6. Reasons for doubting that Nagel’s diagnosis is right:
-Presumably, even a talking bat couldn’t ’ tell another bat what it’s like to hear a bat’s cry We
have what seems to be the same problem with one another in respect of any sensory
experience. Try saying what it’s like to see something red.
This can’t be because we don’t share POVs
-See Locke on knowing what a pineapple tastes like.
-Likewise with skeptical puzzles about (eg.) inverted spectra; arguably, I can’t know what red
looks like to you. (Inverted spectra etc.) There is empirical evidence suggesting that it doesn’t.
-Scientific objectivity doesn’t seek a view from nowhere (i.e. a view that abolishes effects of
POV.) What it wants is a view from nowhere in particular; ie one that abstracts from the effects
of objectivity. (Views from one place or other fall out as special cases.( See the ‘cosmological
principle’ in Astronomy.)
-The reason there’s no such thing as a view from nowhere because there is no such place as
nowhere.
7. What I take to be the right story:
-some concepts are syntactically `primitive’ (RED) and others are syntactically `complex’

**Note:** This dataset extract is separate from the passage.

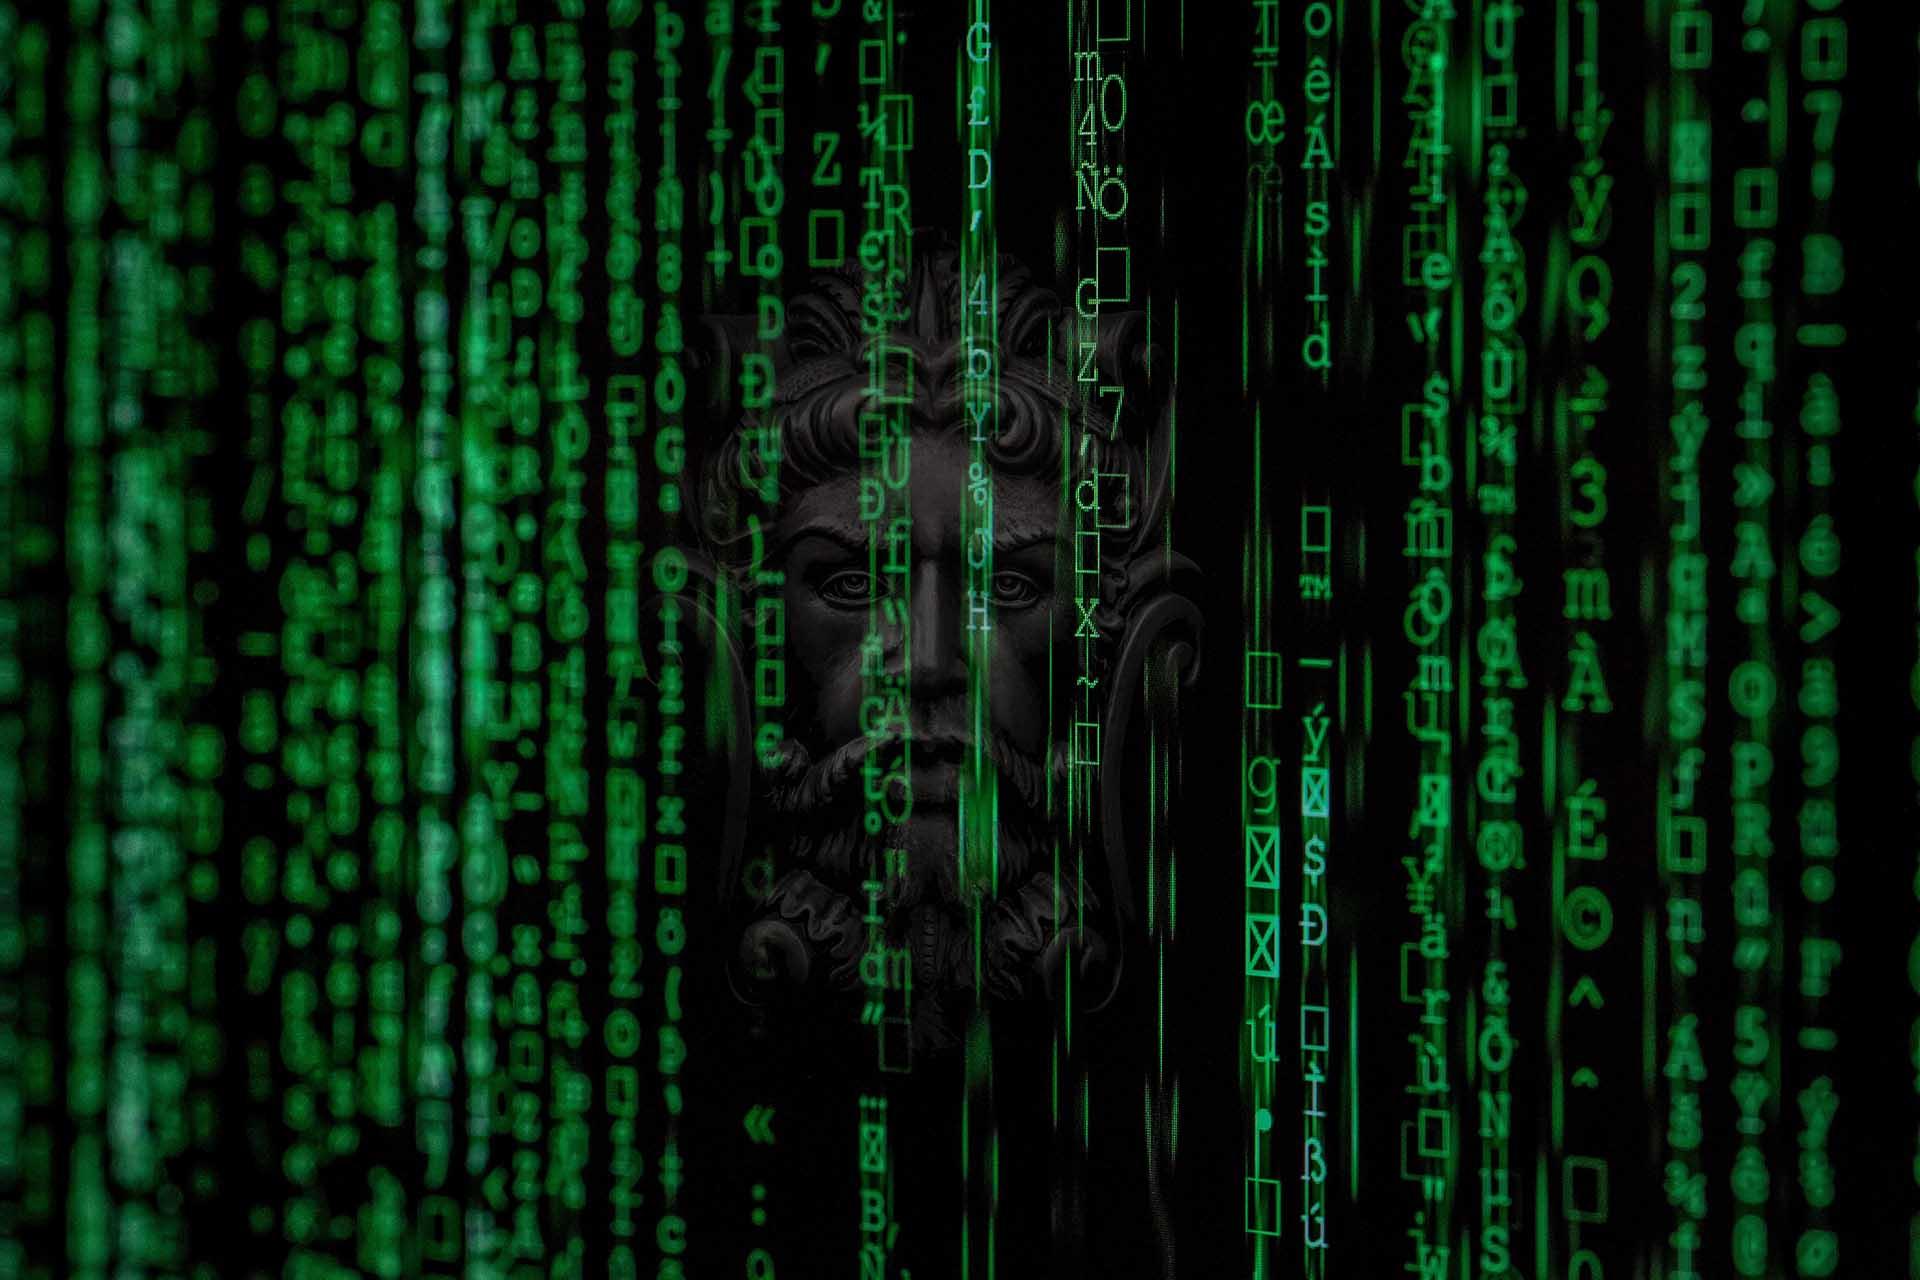 t2informatik Blog: Braucht es ein digitales Mindset?

RED AND SQUARE) . (Remember, LOT says that mental representations are languagelike. The difference between simple and complex concepts corresponds (roughly) to the
linguistic difference between words and phrases.
-complex concepts can be acquired by construction.
-simple concepts can (only) be acquired from experience.
-the reason we can’t know what it’s like to hear a bat’s cry is that we have never
had the experience of hearing one.
-Another way to say the same thing: The concept BAT’S CRY is primitive for
bats; but it is complex for us (or any other creature that can’t hear bats cries,
The empiricists had this right, though they drew the wrong conclusion: viz that
you can only know what you can experience. ie they tried to deduce their
epistemology from their psychology,. THAT IS A TERRIBLE MISTAKE.
What’s true is that you can only lrearn your primitive concepts from experience.
If you have primitive concepts that you didn’/t learn from experience, they must
be innate.
- Much the same line of thought can be run on properties rather than concepts
(unsurprisingly since typical concepts express properties.)
-this raises the question `what property does the concept RED express?’
-it’s the property a thing has if it is normally seen (by us) as red. This makes the property
RED both relational and intensional. (An illustration of the ways in which consciousness
and intensionality are `entangled`).